Не знаю, объяснил ли лейтенант, откуда Платонов все это знает. Но нам доподлинно известно — он почти все дни на фронте, в землянках, окопах, блиндажах, на «передке», рядом с солдатами…
На той же полосе «Красной звезды», где опубликован очерк Платонова, помещено интервью нашего спецкора Якова Милецкого с командиром недавно сформированной из французских добровольцев эскадрильи «Нормандия» Жаном Тюланом. Корреспондент рассказывает:
Майор Жан Тюлан сидел за раскладным столиком. В форме французского летчика — короткой темно-синей куртке спортивного покроя — он казался моложе своих тридцати лет. Внешний вид майора типичен для летчика-истребителя: он небольшого роста, стройный, легкий и быстрый в движениях. Жан Тюлан приехал к нам, уже обладая боевым опытом. Он участвовал в ливийской кампании и однажды на своем истребителе заставил приземлиться вражеский санитарный самолет. Ко всеобщему удивлению, в этом самолете оказались шесть совершенно здоровых итальянских генералов, пытавшихся улизнуть от союзных войск. О боевом опыте майора говорят и три орденских ленточки на его куртке.
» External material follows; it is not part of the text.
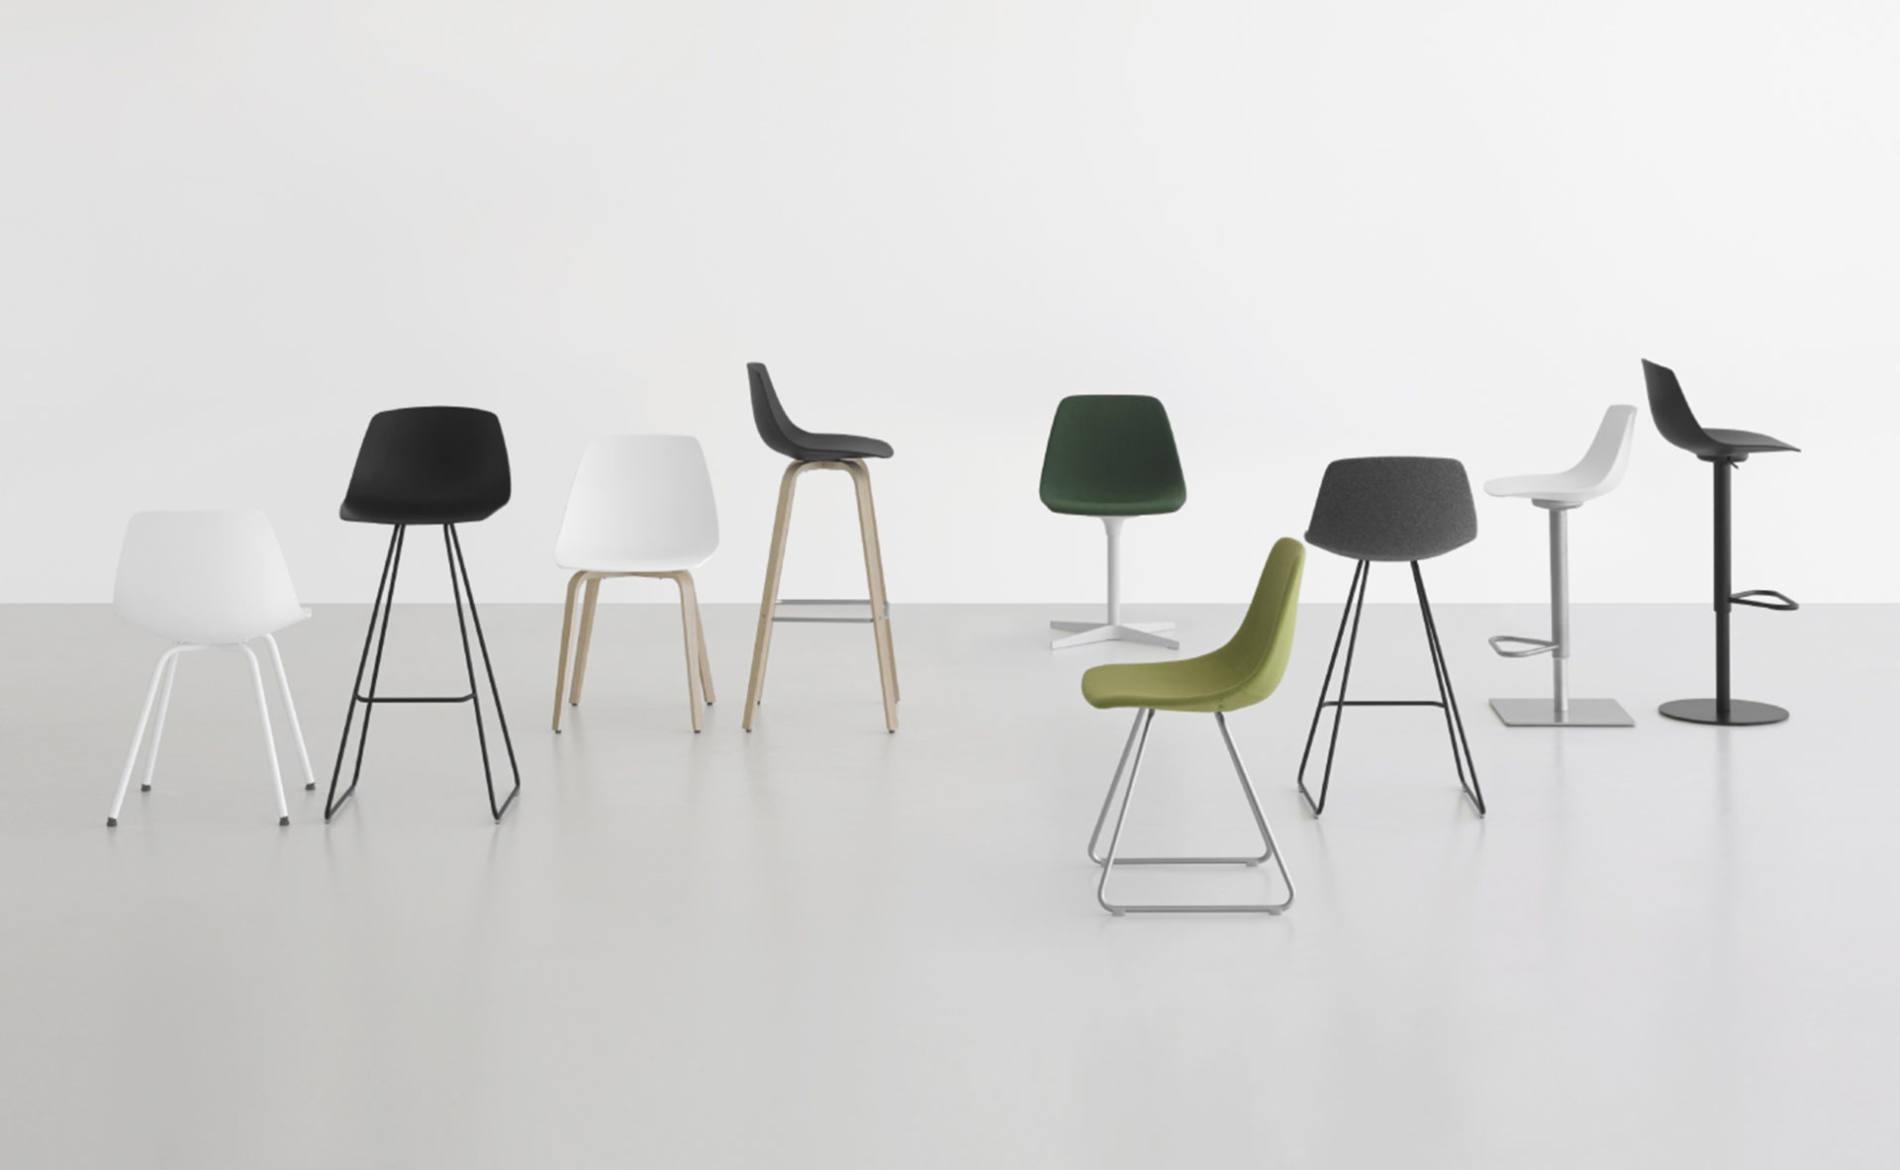 Miunn Barhocker und Stuhl (LaPalma)

Эскадрилья организована недавно, но уже уничтожила шесть немецких самолетов. На аэродромах противника она уничтожила еще шесть одноместных и два двухмоторных самолета. Что ж, для начала неплохо, хотя летчики мечтают о большем. Оно будет! Будет полк. Будут французские летчики — Герои Советского Союза!
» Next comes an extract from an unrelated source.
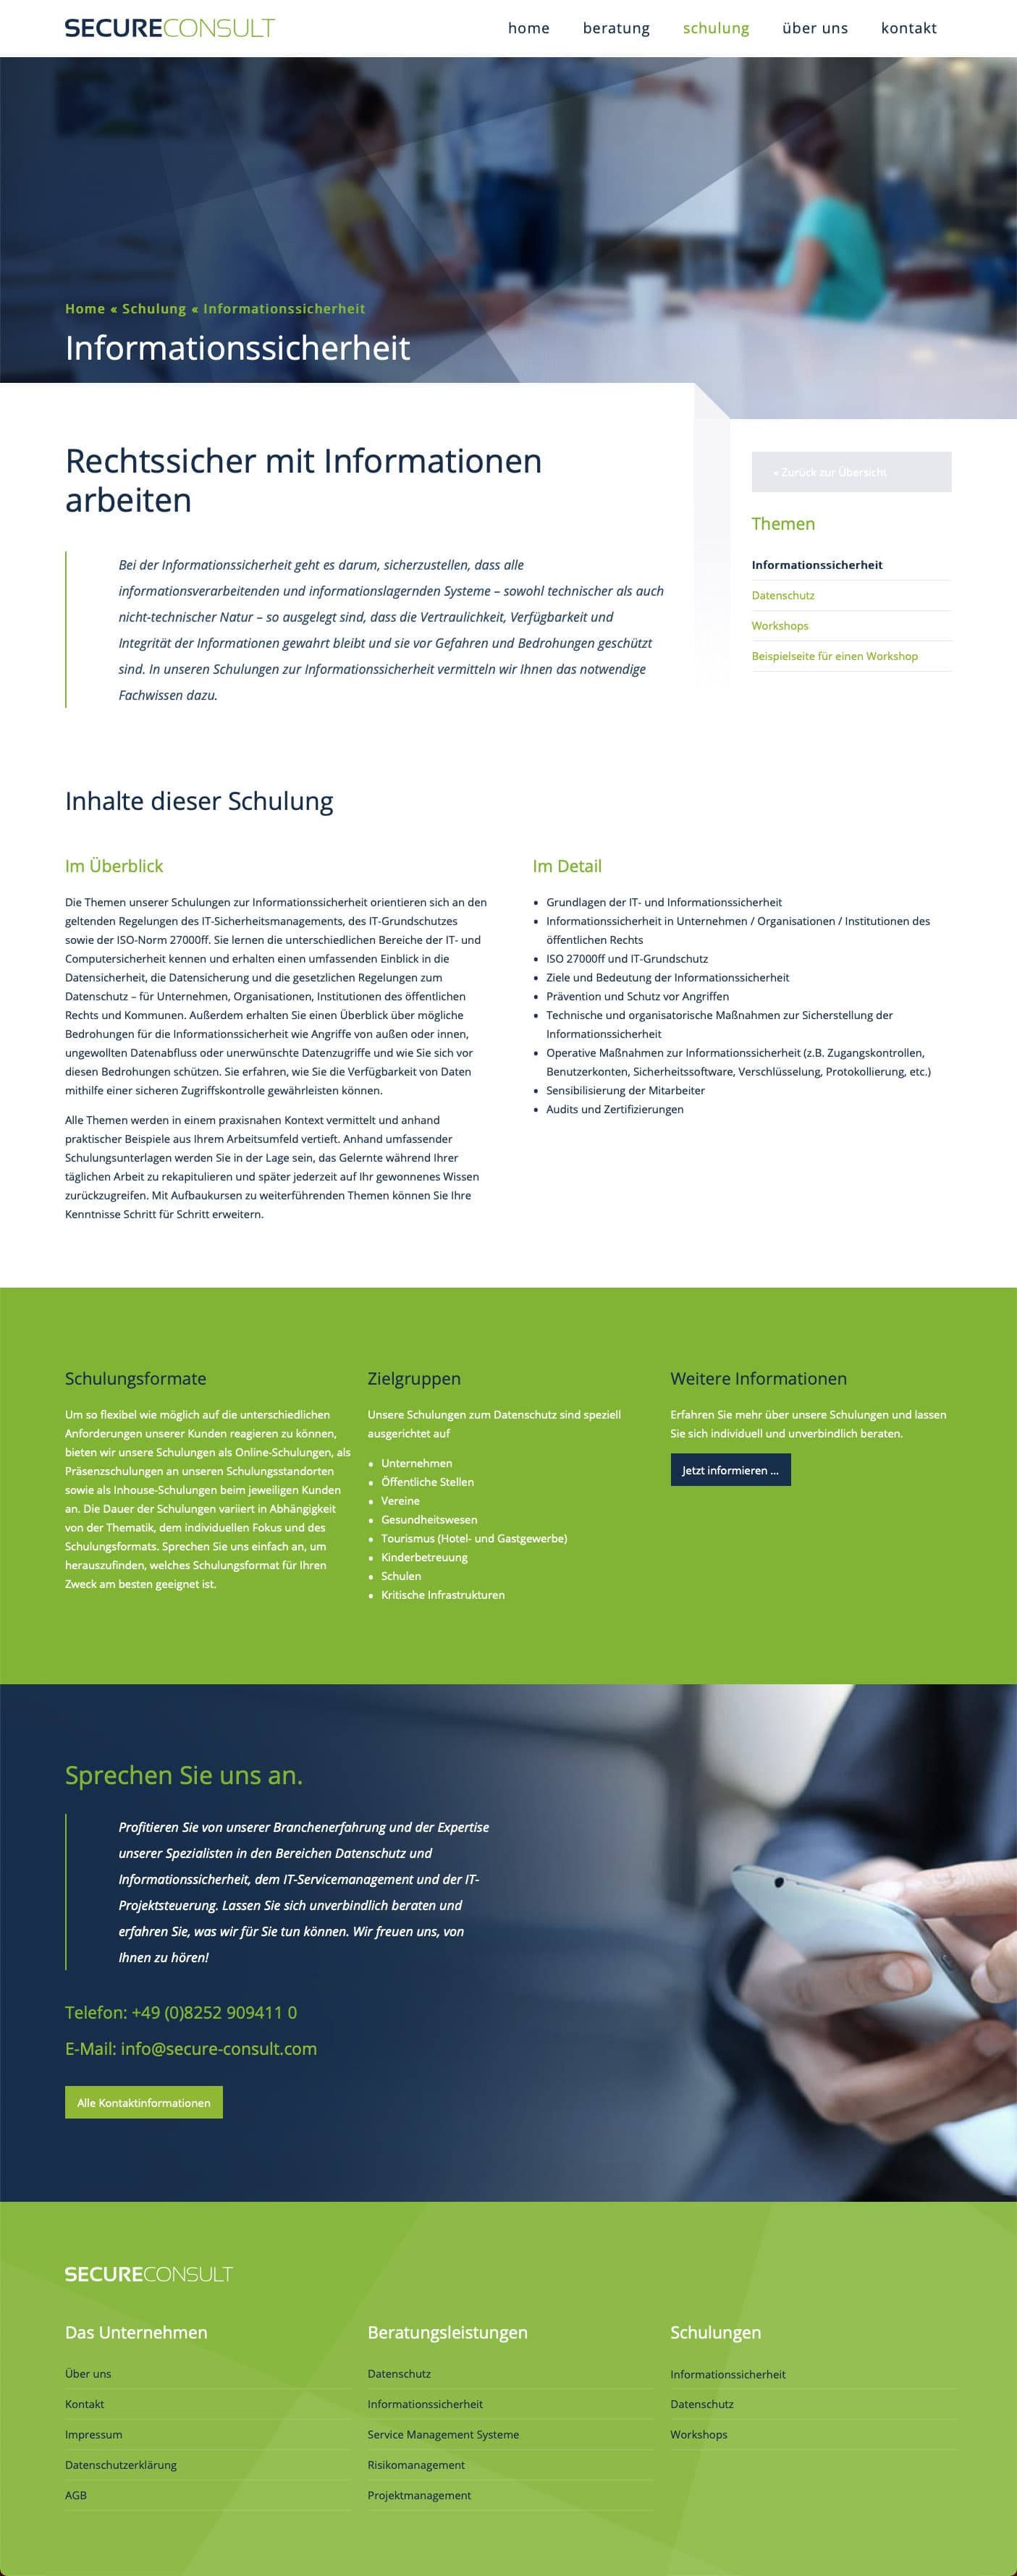 Webdesign Berlin Sicherheitsberatung

Наши летчики прекрасно отзываются о французах. Они уважительно говорят:
— Умеют ребята воевать. Красиво работают…
Также уважительно говорят и о наших летчиках французы:
— Русские знают свое дело. Серьезная работа.
— Бравые люди эти русские летчики.
Все, что рассказал майор Жан Тюлан, было опубликовано в газете. Вот только его имя мы не смогли назвать. Во Франции осталась семья Тюлана, и нам пришлось ограничиться его инициалами…
Юрий Либединский вслед за сталинградским очерком сдал еще один: «Казачья дочь». Начинается он так:
«По станицам захваченного немцами Термосинского района шла слава об Ане Обрывкиной, неуловимой партизанской разведчице…» А далее — рассказ о ее подвиге. До войны — секретарь комсомольской организации станицы Нижне-Гнутовской. Сирота, она не помнила матери. В первые же дни, когда немцы захватили станицу, она вступила в партизанский отряд. В один из поздних осенних дней сорок второго года, когда Аня пришла в родную станицу, ее схватили немцы. Свидетели ее мучений рассказывали:
— На рассвете ее кинули в общую камеру. Она была почти без сознания. Волосы ее стали темны и влажны от крови. Когда она пришла в себя, говорить с ней было трудно, она почти оглохла от побоев, кашляла кровью. Немцы ее уговаривали: «Тебе девятнадцать лет, тебе жить хочется, скажи, где партизаны, мы наградим и отпустим тебя. Никто ничего не будет знать…» Ее били и пытали всю ночь.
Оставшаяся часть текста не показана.